Now imagine that someone opens a Monday-Friday, no evenings, weekends or holidays physical therapy center down the block from your hospital which sees only the least sick and least intensive patients. But, thanks to CPT codes, they get paid the same for their services that you do for your much more robust and higher overhead PT department.
So, you go to your local legislature and get permission to charge a ‘facility fee’ to cover the cost of maintaining a higher intensity PT system in a high overhead facility. So far, so good.
But now, some bean counter realizes that the law was carelessly written. Any medical service provided by the parent organization can charge a facility fee. It isn;t long before it seems wise to do two things: decentralize and move less sick outpatients to less expensive facilities, and acquire outpatient practices.
Voila.

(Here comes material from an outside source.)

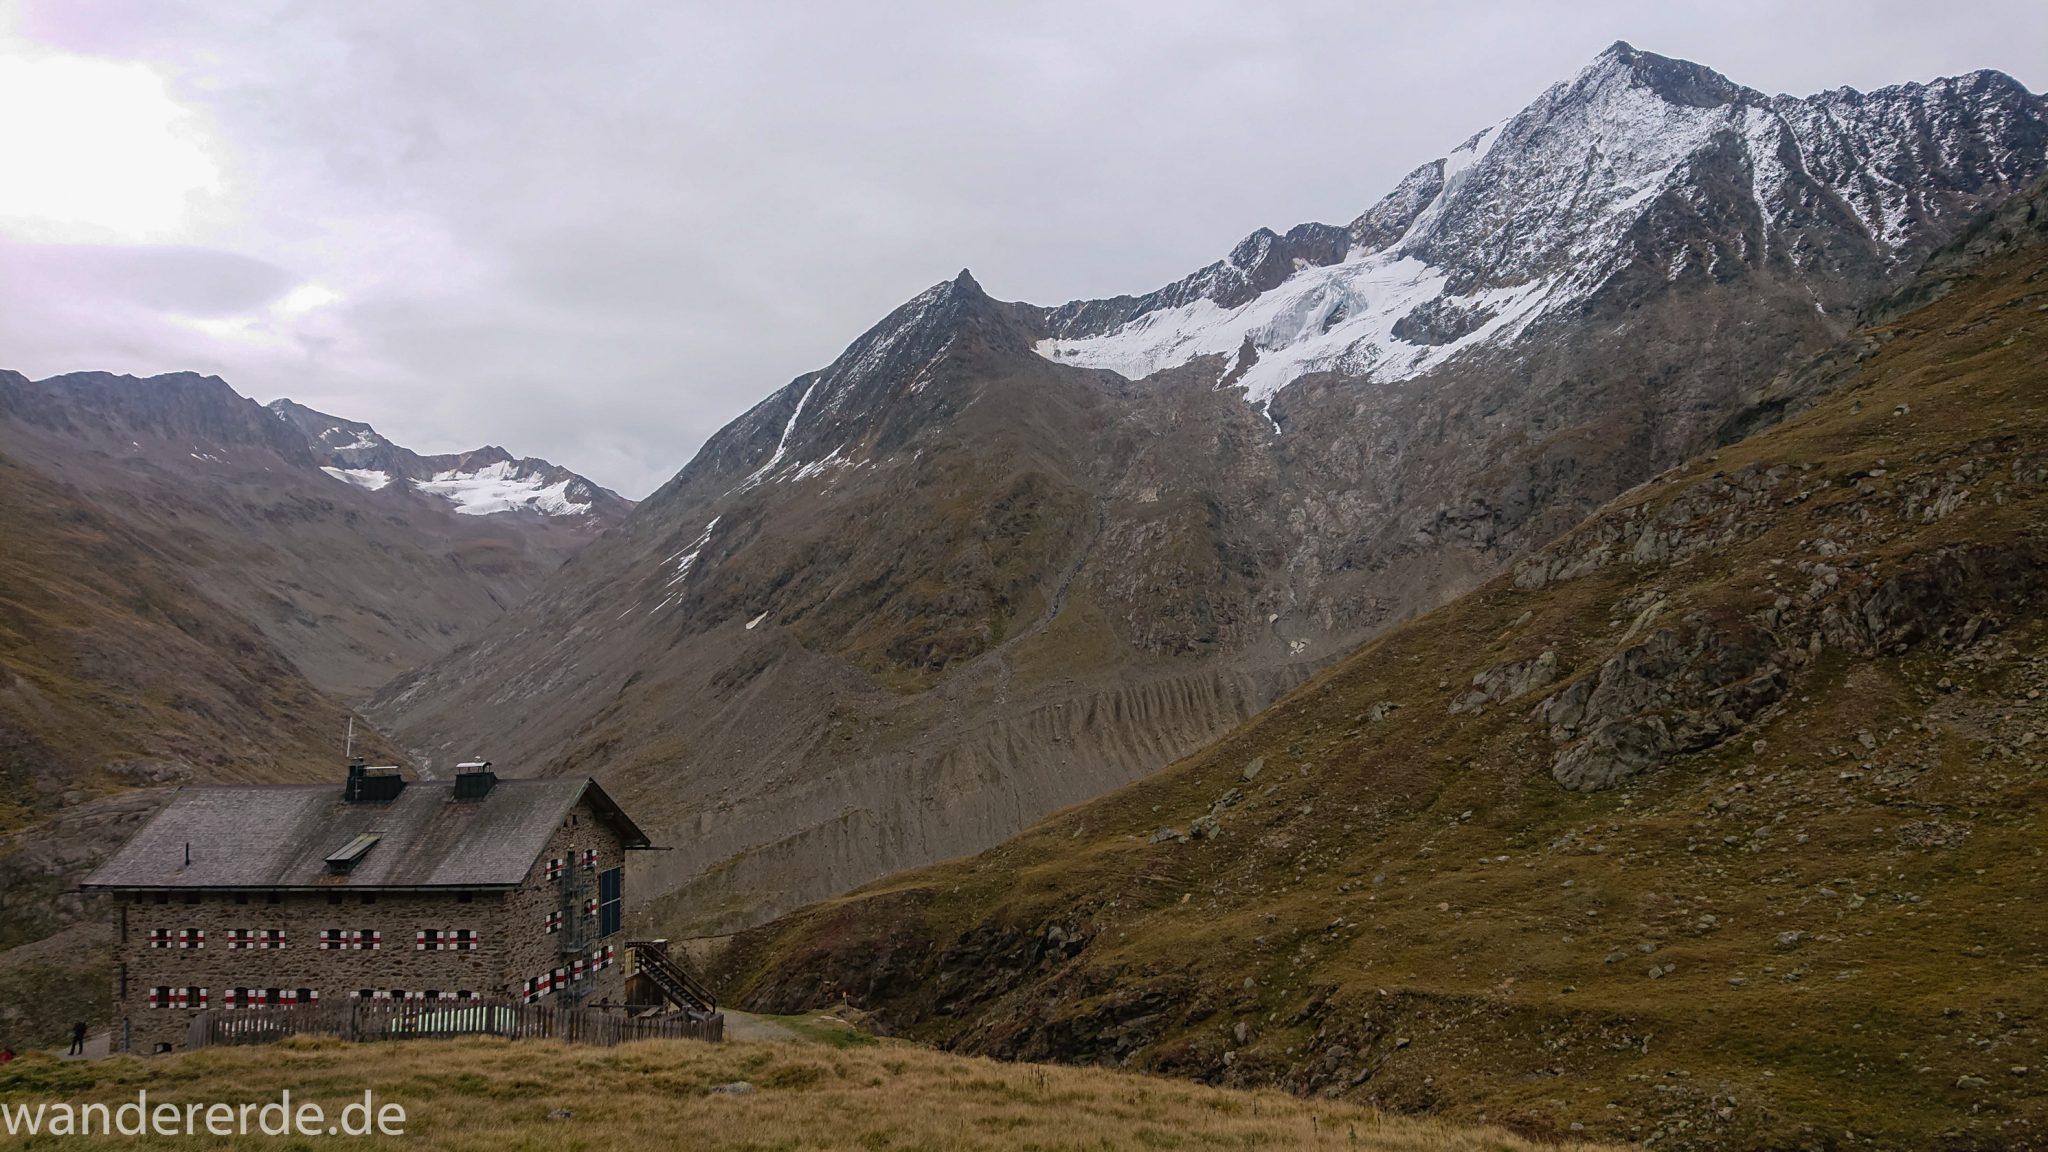 Alpenüberquerung Fernwanderweg E5 Oberstdorf Meran, 6. Etappe von Martin-Busch-Hütte nach Vernagt / Meran, Blick auf Martin-Busch-Hütte und umliegende sehr beeindruckende Berge, teils mit Schnee bedeckt

The law of unintended consequences.
When our practice was acquired y the local medical center, patients were suddenly charged a facility fee that was not always covered by insurance (if they had no insurance or a high deductible). The medical center liked to explain that it covered the enhanced service they received because our practice was now a part of a big and complex system. Patients saw through that, pointing out that the big and complex medical center provided no increased service at the point of primary care – and often seemed to impair quality and convenience.
It’s about damn time this issue got some attention and legislative redress.